# Goggle Lens ?



## Hai (Jan 13, 2011)

Im going to buy the Oakley Crowbar goggles and i am curious if the VR28 lens is adequate. I was doing alittle reading on the different colors and what they do here How to Choose Ski and Snowboard Goggles: Expert Advice from REI . Im just a newb trying to pick out gear that i feel will last atleast 3-4 season and the lens choices are kind of overwhelming. I am "planning" on boarding 2 full days " day/night" and I just want a lens that will work great in daylight and lamplight. If there is a post i missed somewhere in these forums please guide me to them. I am just trying to get all of the gear so I can hopefully snowboard a few times this season, and so that I can snowboard all of next season. Thanks everyone <3

p.s - Those VR28 lenses come stock with the black crowbar goggles. I didnt hand pick them or anything like that.


----------



## bravo_castle (Aug 16, 2007)

Unfortunately there isn't a single lens that's good for all conditions. 

VR28 is a good lens, it handles medium light conditions well. I have a pair of sun glasses with VR28 lens' & I feel it works in bright light conditions also.
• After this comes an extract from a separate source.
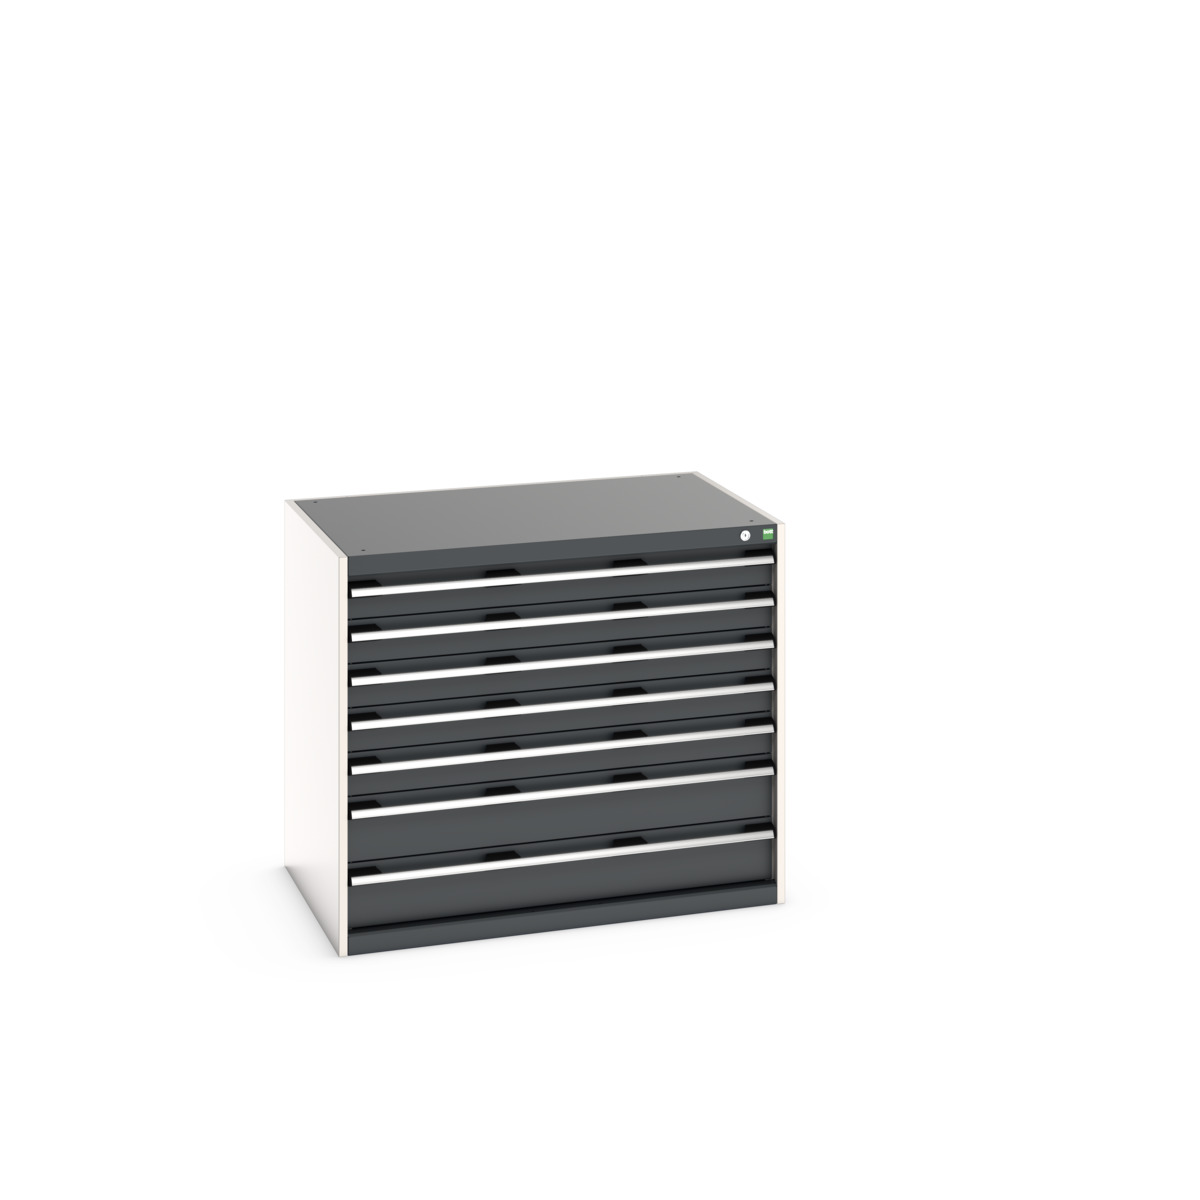 40029092.19V - cubio drawer cabinet

I know some don't/won't feel it has enough tint (to much light transmission) for bright conditions.

I'd suggest getting 2 lens, one for low light/flat light & one for bright/medium light.
I just purchased Oakley Crowbars as well, I got the HI permission (which came with the goggle frame), & blue iridium which I like for the bright to near flat light conditions.

If you can only get 1 lens at a time, I'd go for VR28, or permission.
I'd suggest trying to find a retail shop with Oakley products & see which lens you like best.

Also check, what backcountry.com has for Oakley Crowbars.
Oakley has [THIS] web page which gives you an idea of the different lens look like & gives you the conditions the lens would be best in.


----------



## ryannorthcott (Dec 17, 2010)

i found that the HI persimmon oakley lens works reasonably well in all conditions. i wanted a little more than "reasonably well" so i went for the black iridiums for bright sunny days and HI yellow for fog and low light. at big white resort i find myself using HI yellow 90% of the time so it's worthwhile for me to pick up a lens that is exactly matched to the conditions i will usually face. i love busting out the iridiums though on those rare bluebird days.


----------